Deep Learning A-Z : Hands-On Artificial Neural Networks
Deep Learning A-Z™: Hands-On Artificial Neural Networks Free Coupon Discount - Learn to create Deep Learning Algorithms in Python from two Machine Learning & Data Science experts. Templates included. BESTSELLER 4.6 (25,470 ratings) Created by Kirill Eremenko, Hadelin de Ponteves, SuperDataScience Team English, French [Auto-generated], 4 more Preview this Udemy Course - GET COUPON CODE 100% Off Udemy Coupon . Free Udemy Courses . Online Classes
Data Science: Natural Language Processing (NLP) in Python
Created by Lazy Programmer Inc. English [Auto-generated], German [Auto-generated], 3 more Created by Lazy Programmer Inc. In this course you will build MULTIPLE practical systems using natural language processing, or NLP - the branch of machine learning and data science that deals with text and speech. This course is not part of my deep learning series, so it doesn't contain any hard math - just straight up coding in Python. All the materials for this course are FREE. After a brief discussion about what NLP is and what it can do, we will begin building very useful stuff.

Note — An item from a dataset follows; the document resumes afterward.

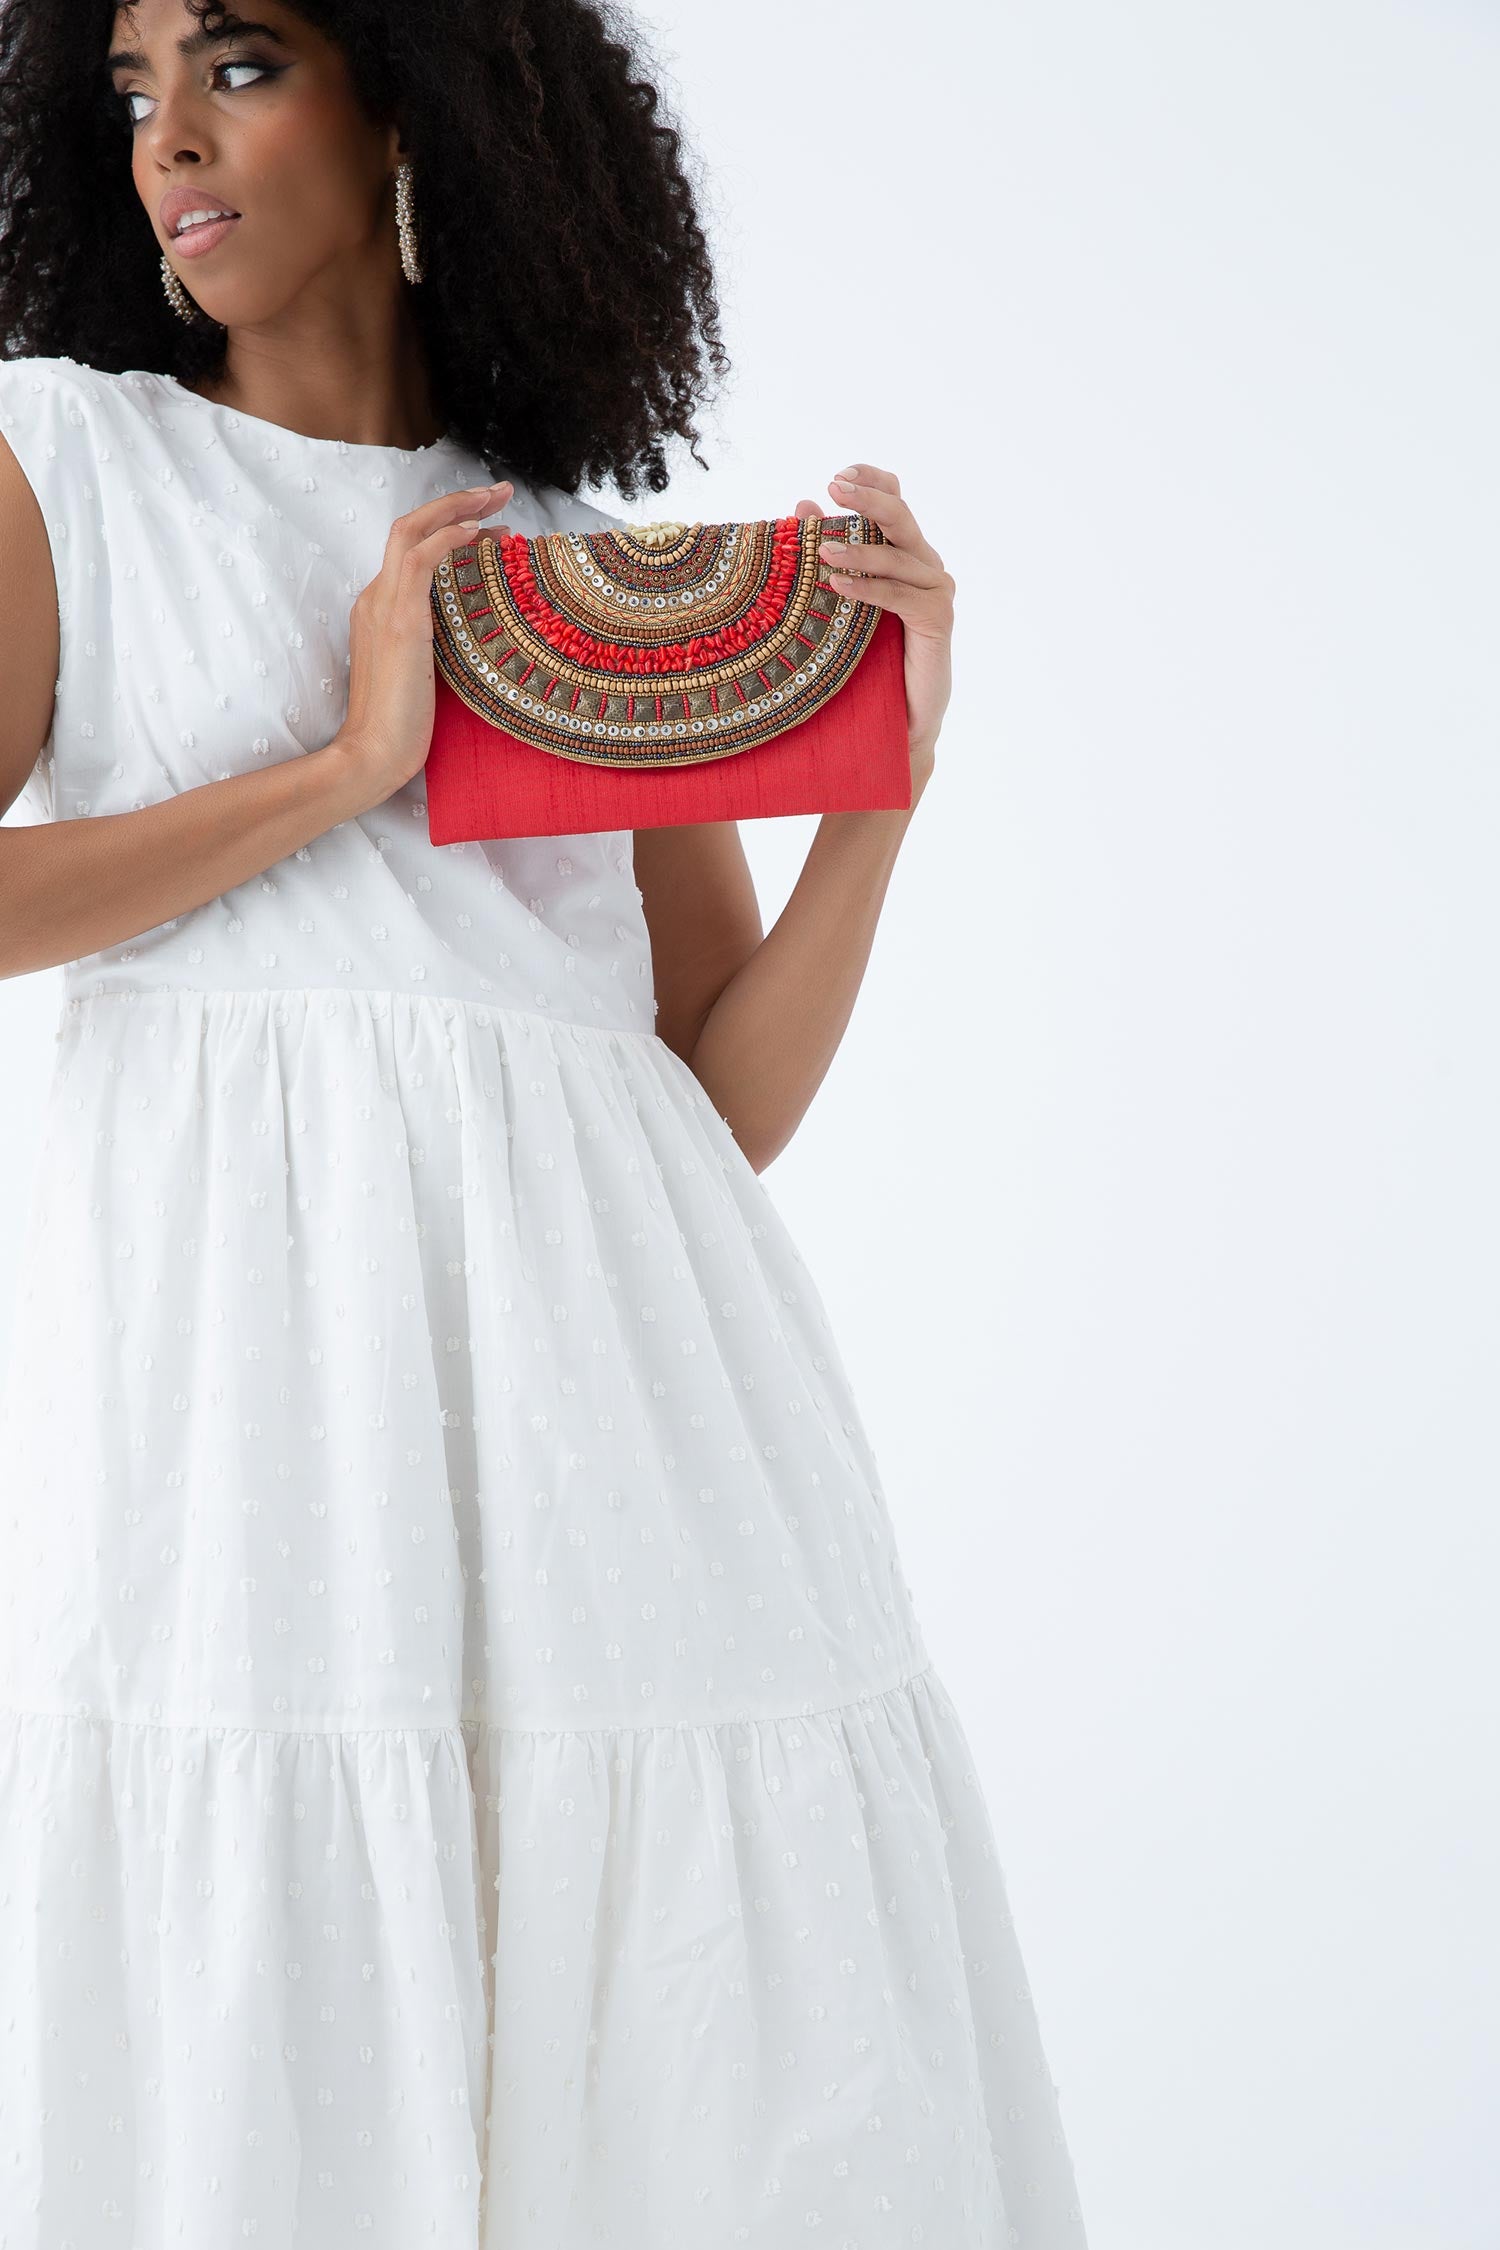 Red Chic Clutch

Artificial Intelligence for Earth Monitoring MOOC
Artificial intelligence (AI) is playing an increasingly important part in our daily lives, whether it is providing our personalised social media feeds, online shopping or streaming movie suggestions, or even the mapping apps that route us around traffic jams. On a bigger scale, AI is already having a major impact on healthcare, finance, farming and many other sectors and its influence is predicted to expand rapidly in the coming years. One area where there is considerable untapped potential for AI is in the field of Earth observation, where it can be used to help manage large datasets, find new insights in data and generate new products and services. With this in mind, EUMETSAT, ECMWF, Mercator Ocean International and the EEA have joined up to develop a new massive open online course (MOOC) on AI and Earth monitoring. The idea for the course is to introduce participants to the wealth of Copernicus Earth observation data and the AI and machine learning techniques that can be used to work with it.